Reports
Understanding reports, verdicts, metrics, and comparisons.
Overview
Reports are designed to answer one question fast: is this endpoint good enough for agentic coding?
Verdicts
Every report produces a verdict based on TTFT and throughput at each context size:
GOOD- Responsive editing experience. TTFT < 3s at 40K, tok/s > 30.
MARGINAL- Usable but noticeable lag. TTFT 3–6s at 40K, tok/s 15–30.

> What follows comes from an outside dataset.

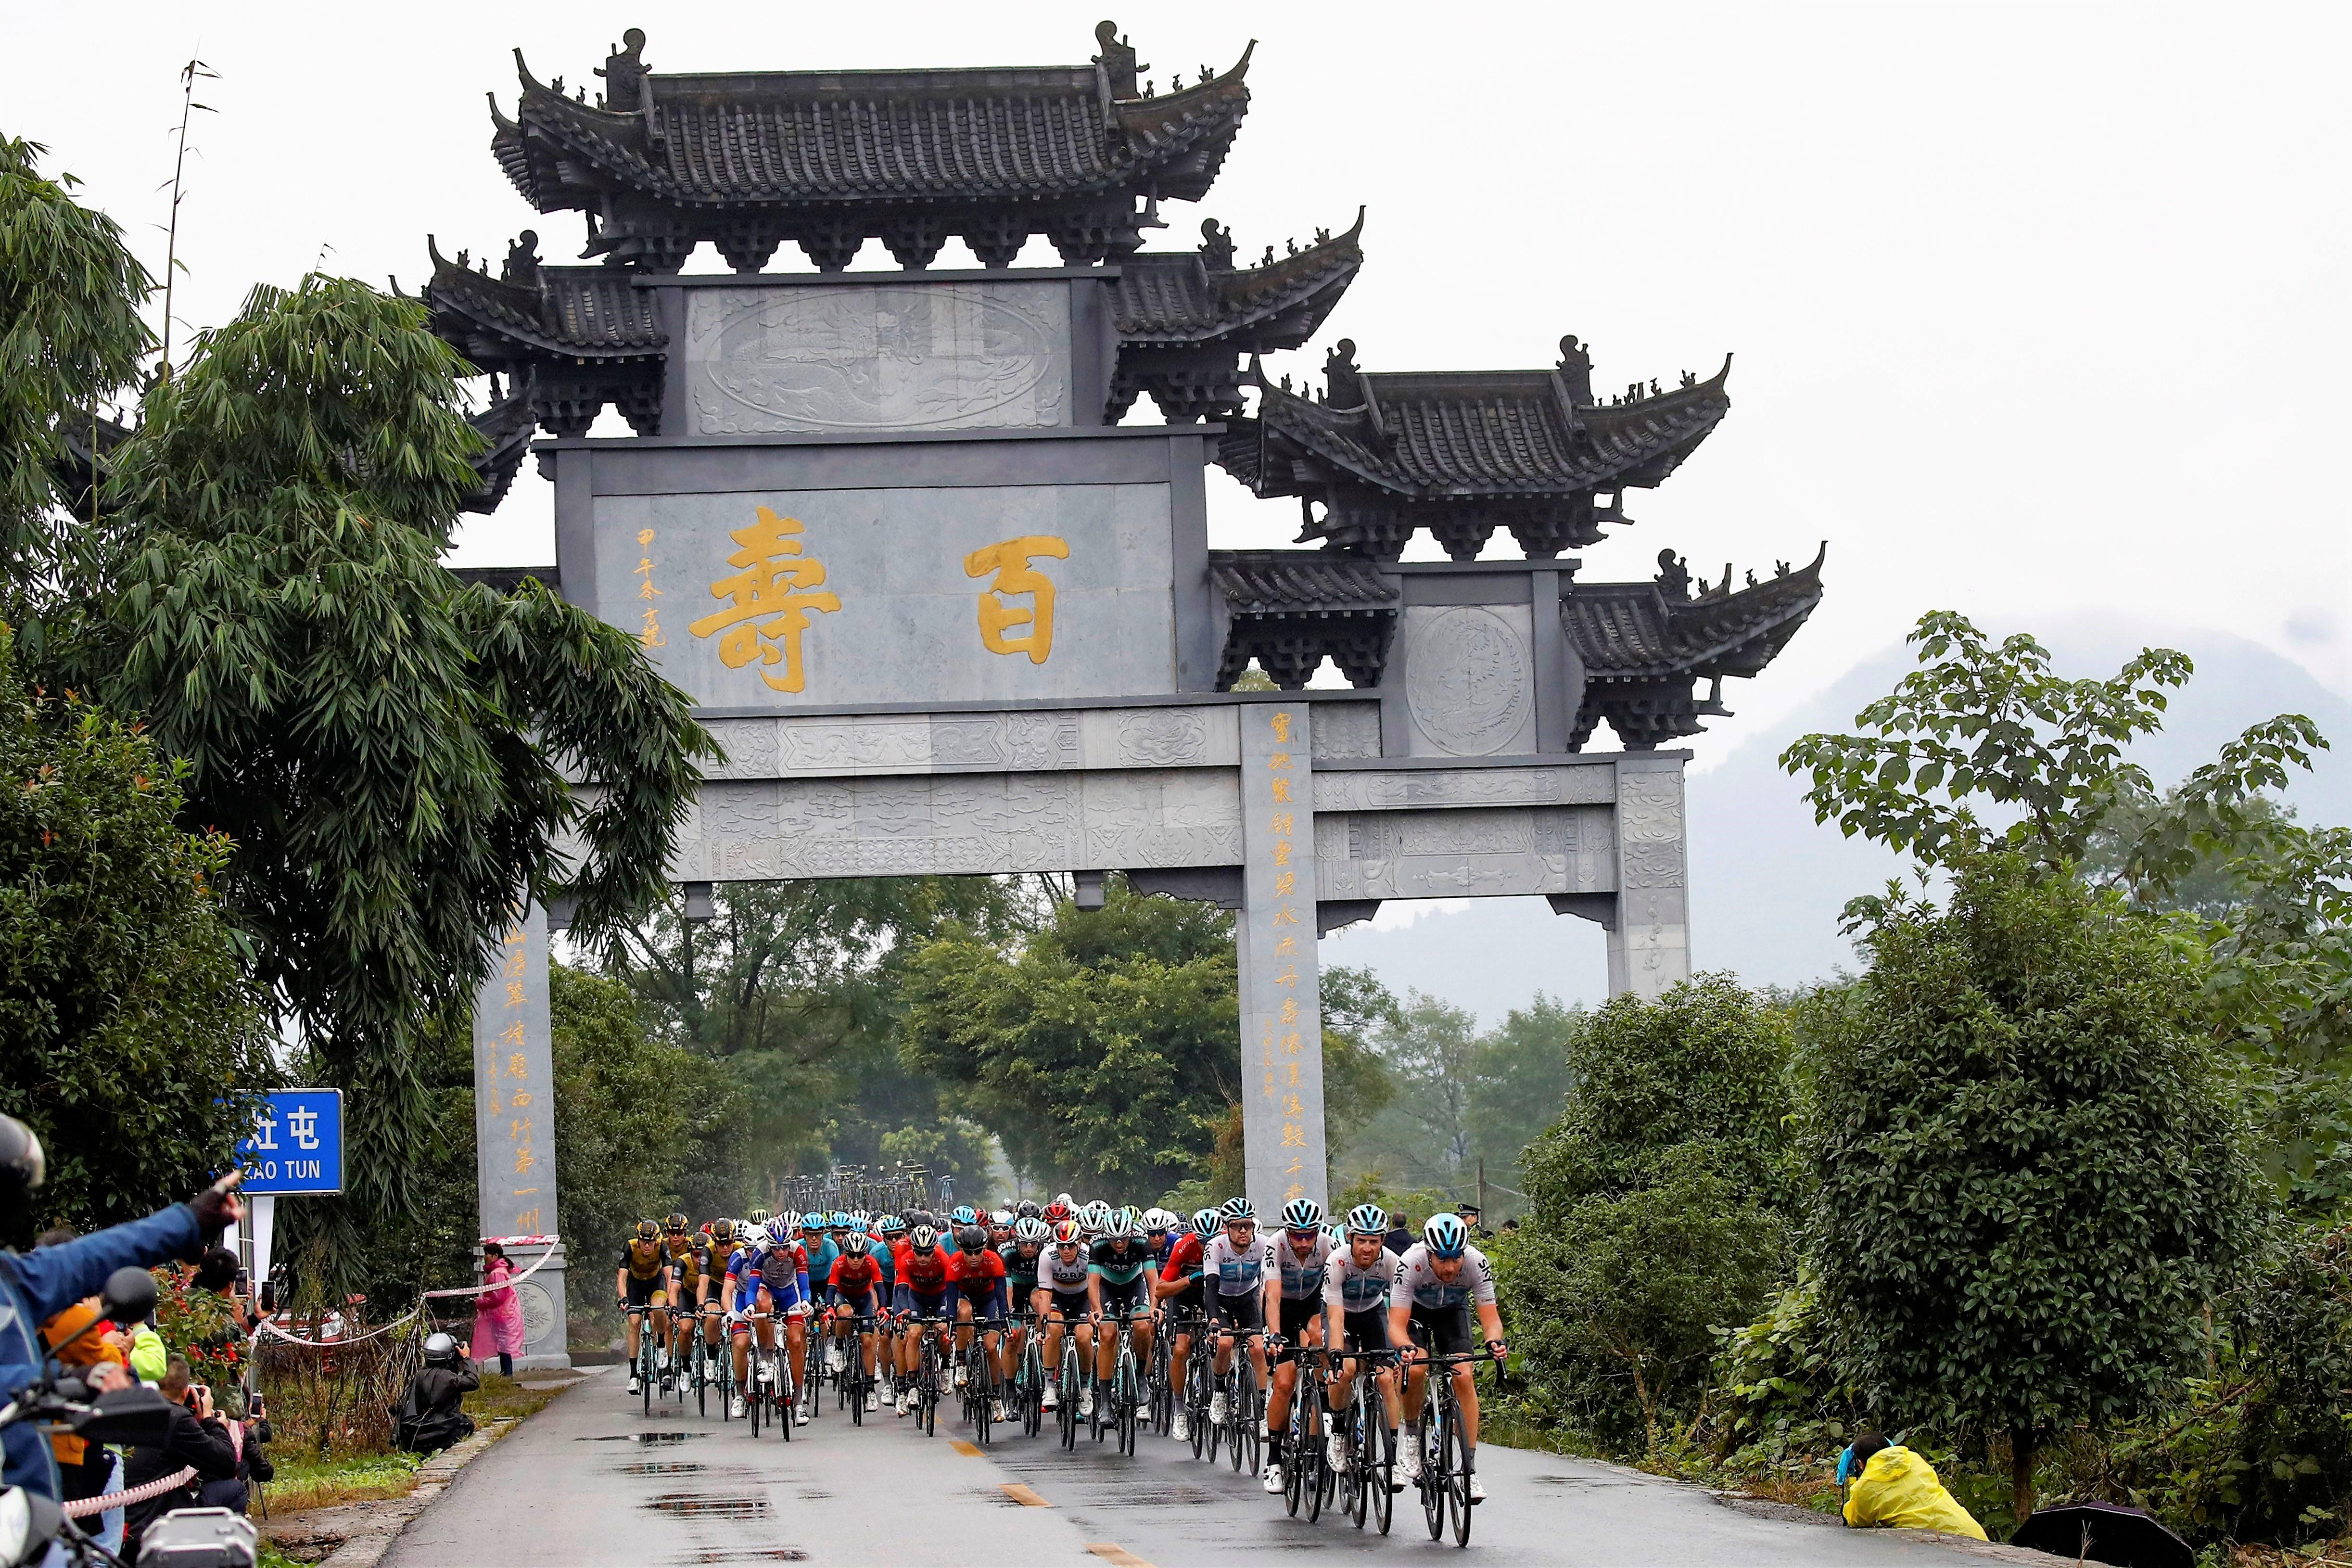 中国ならではの景色の中を行く集団。バーレーンメリダもまとまって走る姿が確認できる

POOR- Sluggish, frustrating. TTFT > 6s at 40K, tok/s < 15.
Report Contents
Every report includes:
| Section | Description |
|---|---|
| Verdict | GOOD / MARGINAL / POOR for agentic coding, with the key numbers |
| Key Findings | Auto-generated insights: TTFT scaling, throughput range, concurrency efficiency |
| Summary Table | TTFT, tok/s, ITL at each concurrency and context size, color-coded |
| UX Mapping | Maps raw metrics to user experience ("instant response", "smooth streaming") |
| Context Scaling | ASCII chart showing how TTFT and tok/s change as context grows |
| Concurrency Scaling | Efficiency percentages at each concurrency level with grades |
| Per-profile Breakdown | Detailed numbers per context size |
| Reasoning Analysis | Thinking overhead when using reasoning models |
| Methodology | What was measured, how, and what the grade thresholds mean |
Generating Reports
Add -o to any command to generate a report file:
acb speed -e URL -m MODEL --suite full -o report.mdacb speed -e URL -m MODEL --format json -o results.jsonThe CLI also prints a final verdict line after every benchmark:
CLI output
Verdict: GOOD for agentic coding at medium contextComparing Two Runs
The compare command produces a head-to-head table, ASCII bar chart, and winner summary:
acb compare --baseline a.json --candidate b.json -o comparison.mdRules of Thumb
Reference ranges for agentic coding (your numbers will vary by hardware, model, and serving stack):
TTFT < 3s at 40K context → responsive editing
Tok/s > 30/user → code streams smoothly
TTFT < 10s at 100K context → acceptable for deep sessions
Agg tok/s scales sub-linearly with users - ~60–70% efficiency at 8× concurrency
JSON Output
Use --format json for CI/CD pipelines. The JSON contains all metrics, per-request data, and the computed verdict:
acb speed -e URL -m MODEL --format json -o results.json